To do
The answer must consist only of the lines in the records below from the line with "why are miyazaki mangoes so expensive banner" to the line with "How much does a Goyard bag cost?", both included, copied word for word with every picture left out.

The data
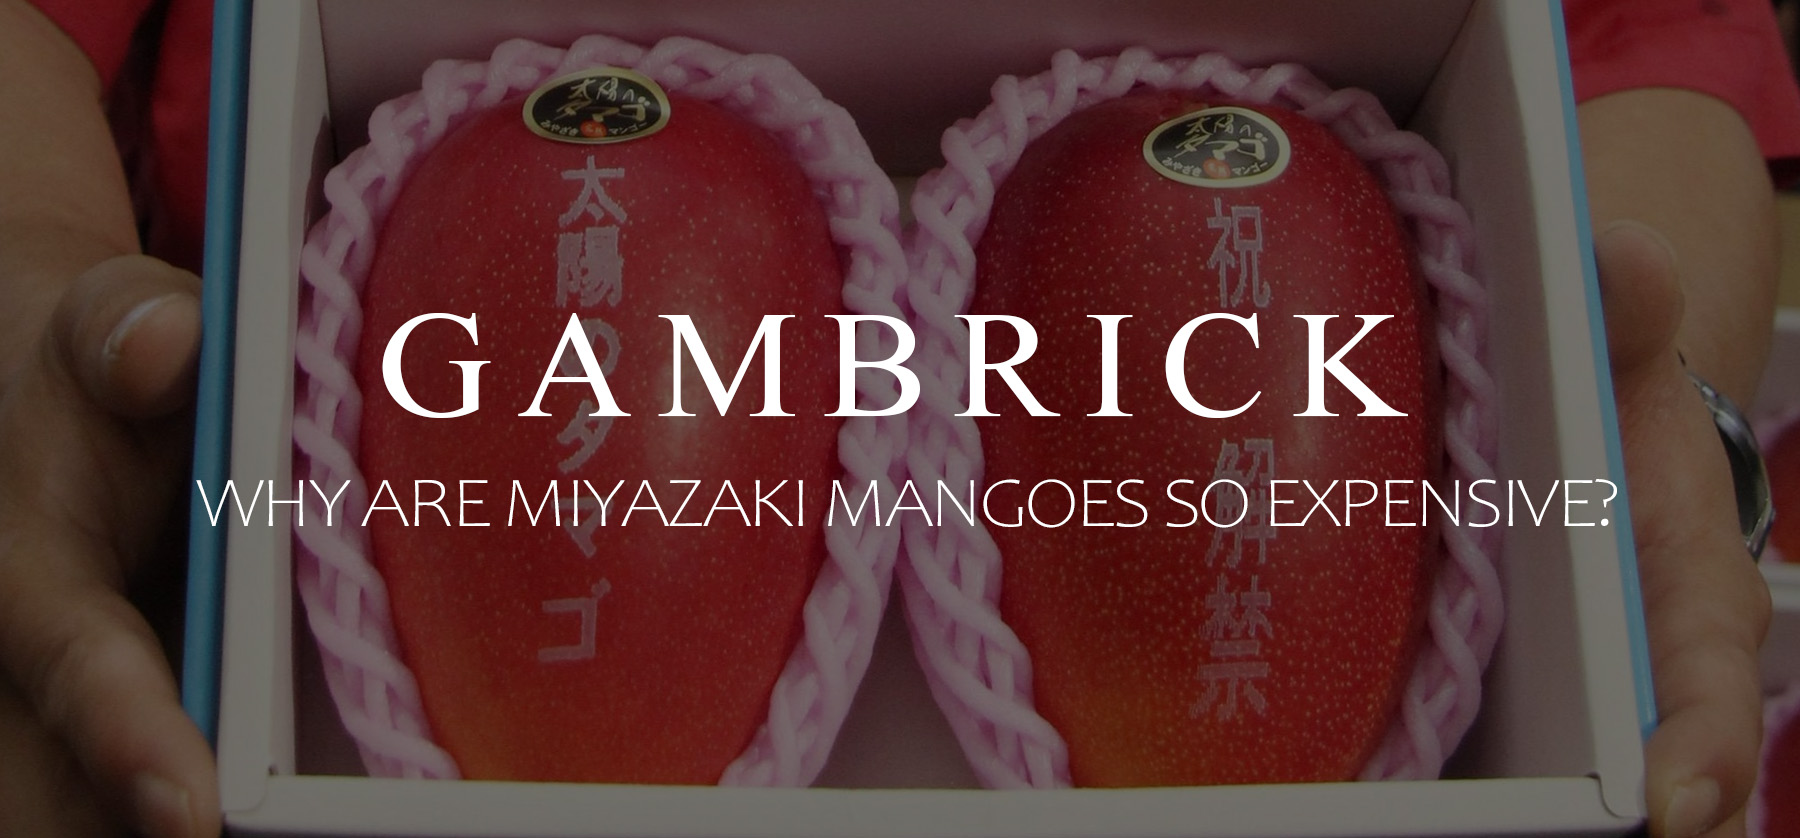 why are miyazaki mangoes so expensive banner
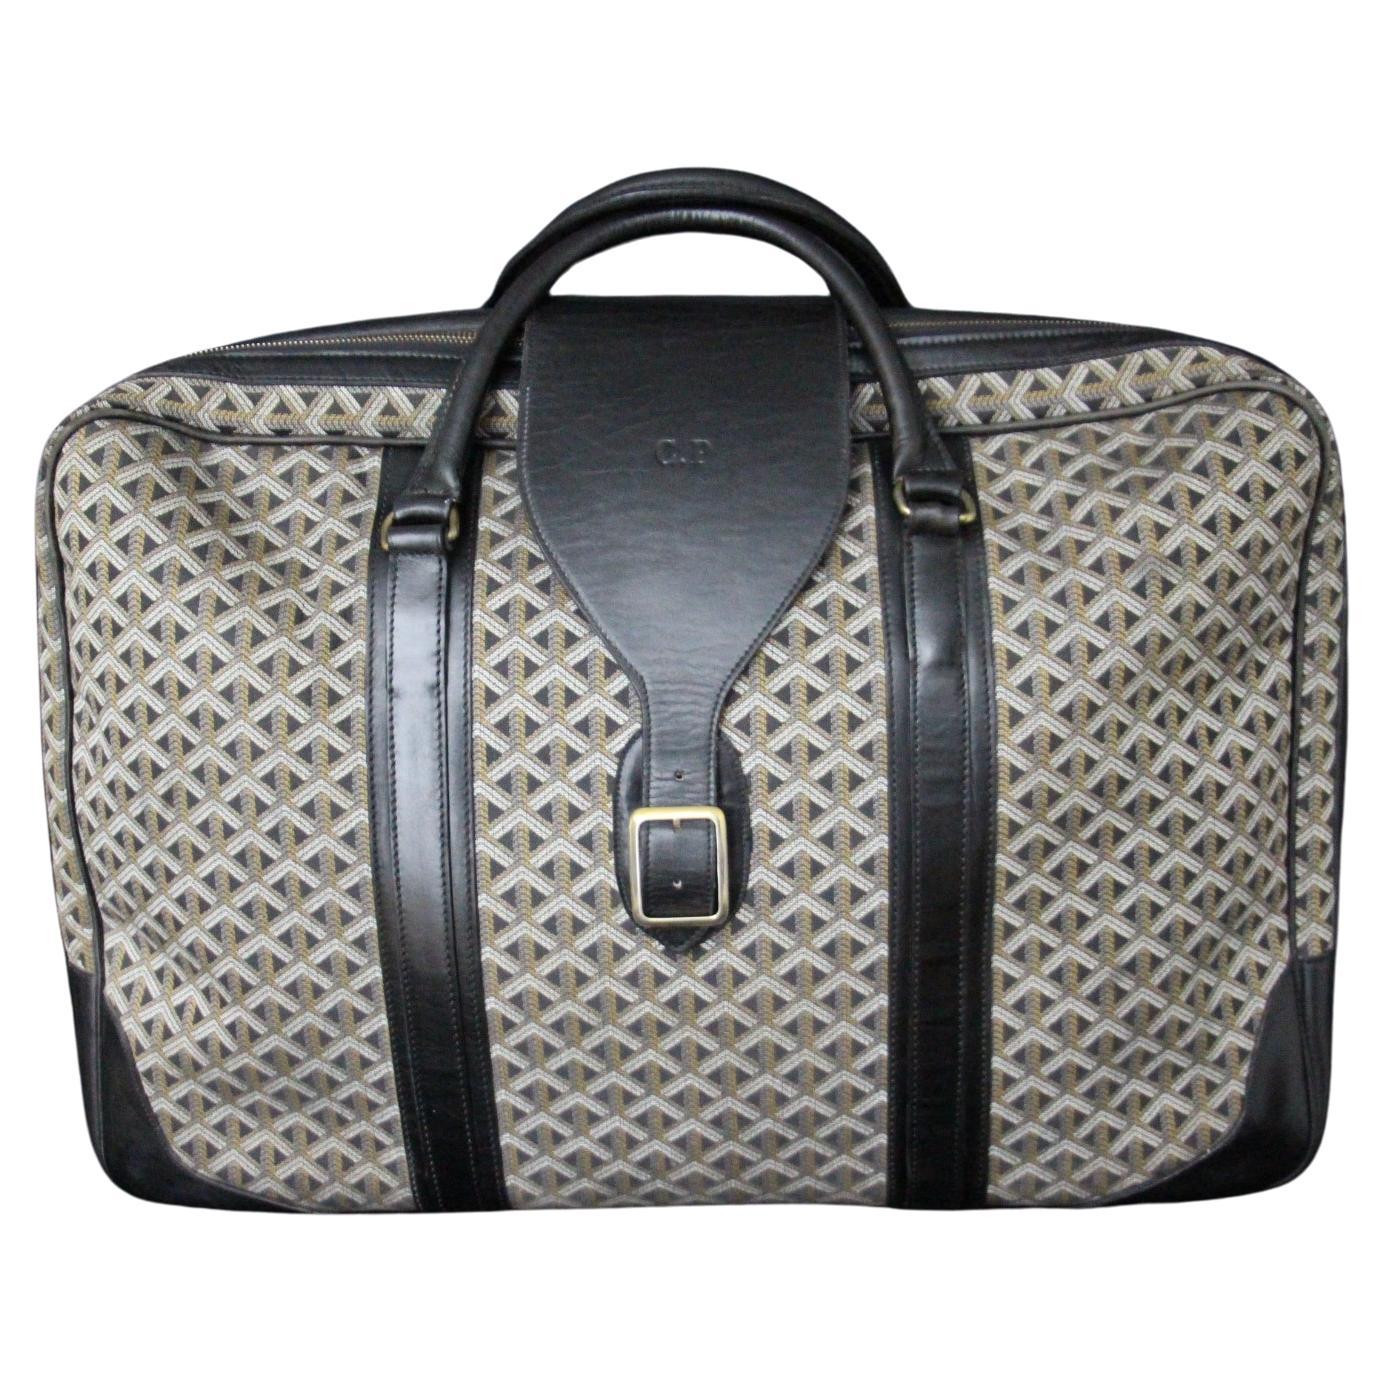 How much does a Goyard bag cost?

* * *

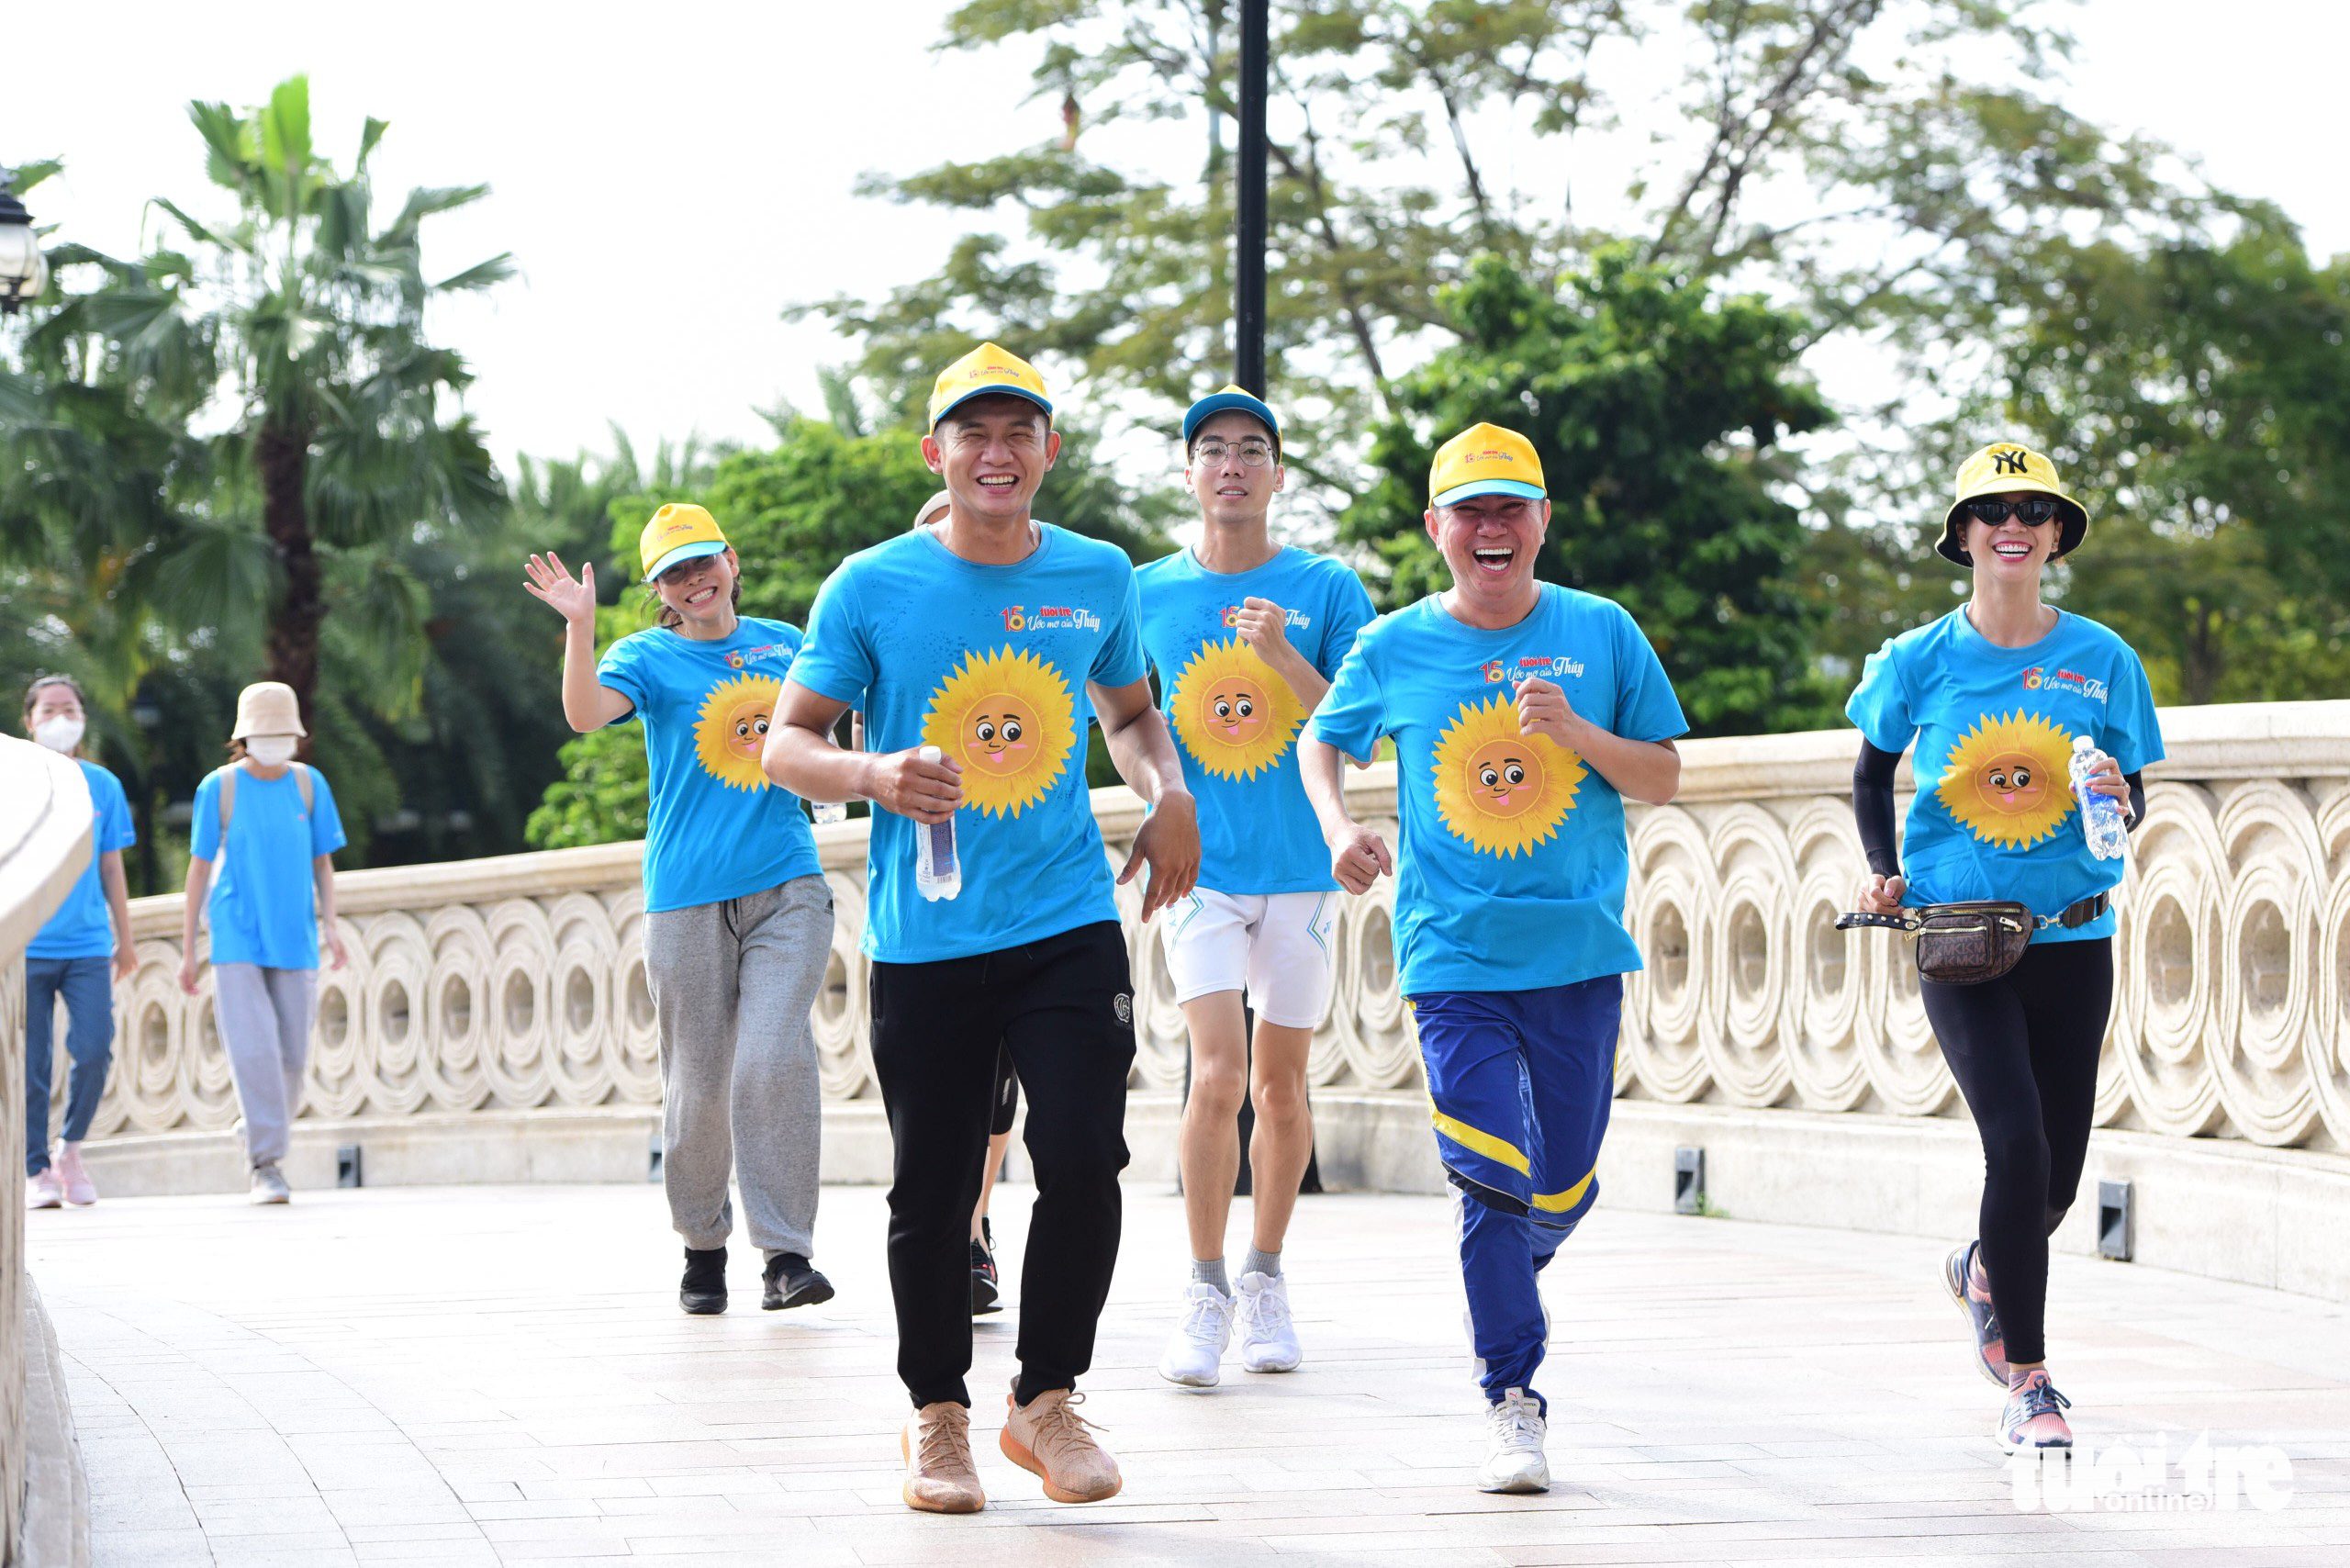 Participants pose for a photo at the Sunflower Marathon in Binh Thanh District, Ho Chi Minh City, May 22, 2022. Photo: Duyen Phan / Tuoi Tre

Task response
 why are miyazaki mangoes so expensive banner
 How much does a Goyard bag cost?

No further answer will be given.